Note: AtomWorks requires Python >= 3.11 and dotenv

pip install atomworks # base installation version without torch (for only atomworks.io)
pip install "atomworks[ml]" # with torch and ML dependencies (for atomworks.io plus atomworks.ml)
pip install "atomworks[dev]" # with development dependencies
pip install "atomworks[openbabel]" # with [Open Babel](https://openbabel.org/) and its dependencies
pip install "atomworks[ml,openbabel,dev]" # with all dependencies

Running multiple of these installations will just add to the installed dependencies and will not install multiple installations of atomworks.

If you are using uv for package management, you can install atomworks with:

uv pip install "atomworks[ml,openbabel,dev]"

For more advanced setup options (including how to run workflows via apptainers) see the full documentation.


Getting started

This section contains information for how to get atomworks set up and a quick guide for using some of the features of atomworks.io to parse PDB files. To learn more about the features in atomworks.io and atomworks.ml, see the external documentation.

To parse a pdb file (parse = load, clean, annotate relevant metadata such as entities, molecules, etc) you can use the parse function:

Note: To run the code in this section you will need to download the 3nez.cif.gz file yourself. See the examples for how to download files from the PDB within a Python script.

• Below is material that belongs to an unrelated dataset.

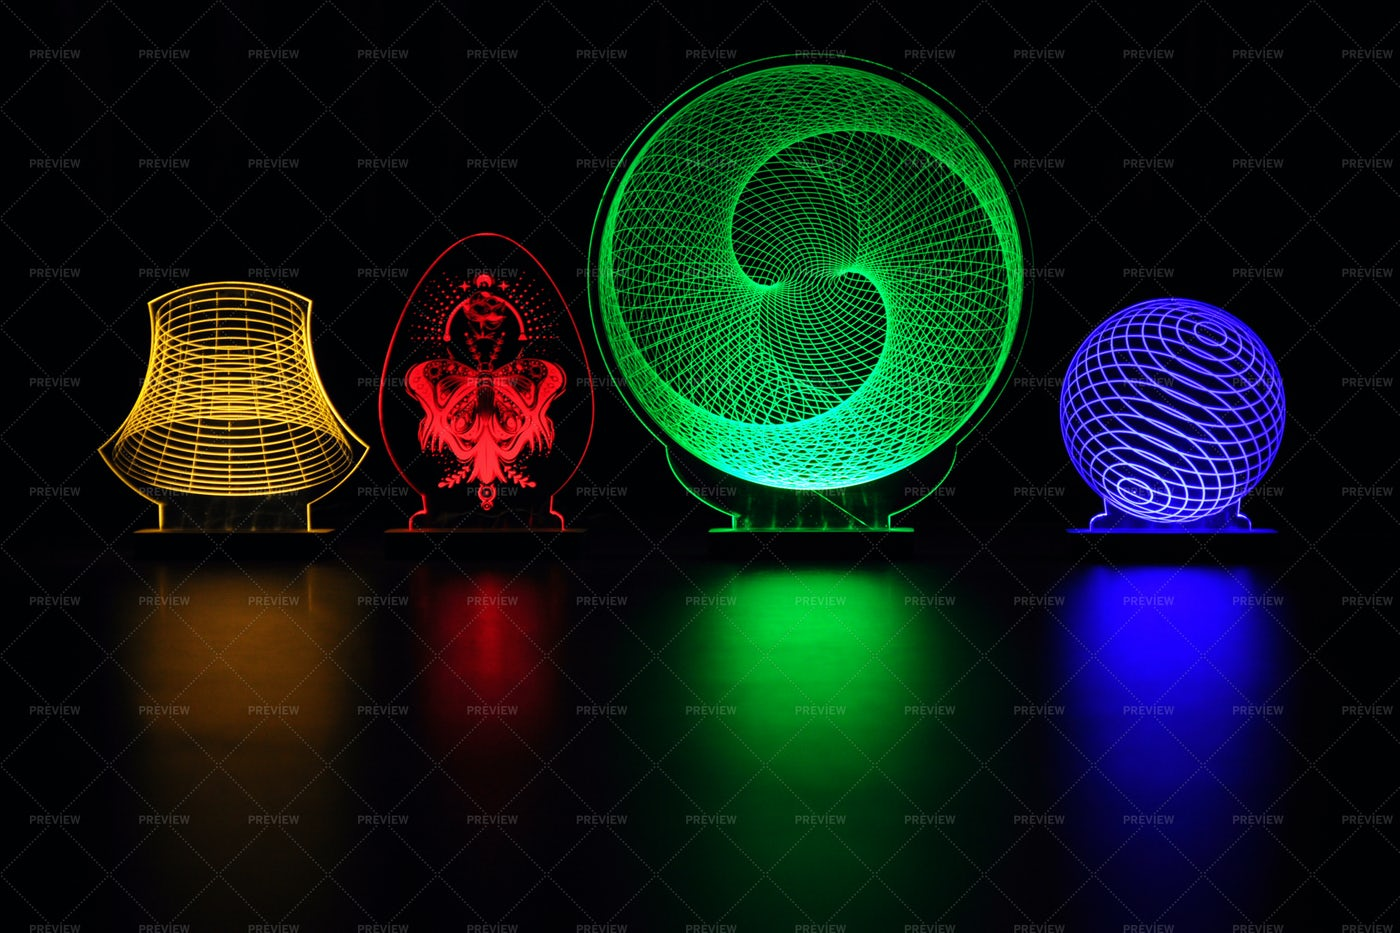 Handmade Decorative Lamps: Stock Photos

from atomworks.io.parser import parse
from biotite.structure import AtomArrayStack

result = parse(filename="3nez.cif.gz")

asym_unit: AtomArrayStack = result["asym_unit"]
assemblies: dict[str, AtomArrayStack] = result["assemblies"]

for chain_id, info in result["chain_info"].items():
    print(chain_id, info["processed_entity_canonical_sequence"])

The output of parse includes:

  • chain_info β€” Sequences/metadata for each chain
  • ligand_info β€” Ligand annotation & metrics
  • asym_unit β€” Structure (AtomArrayStack)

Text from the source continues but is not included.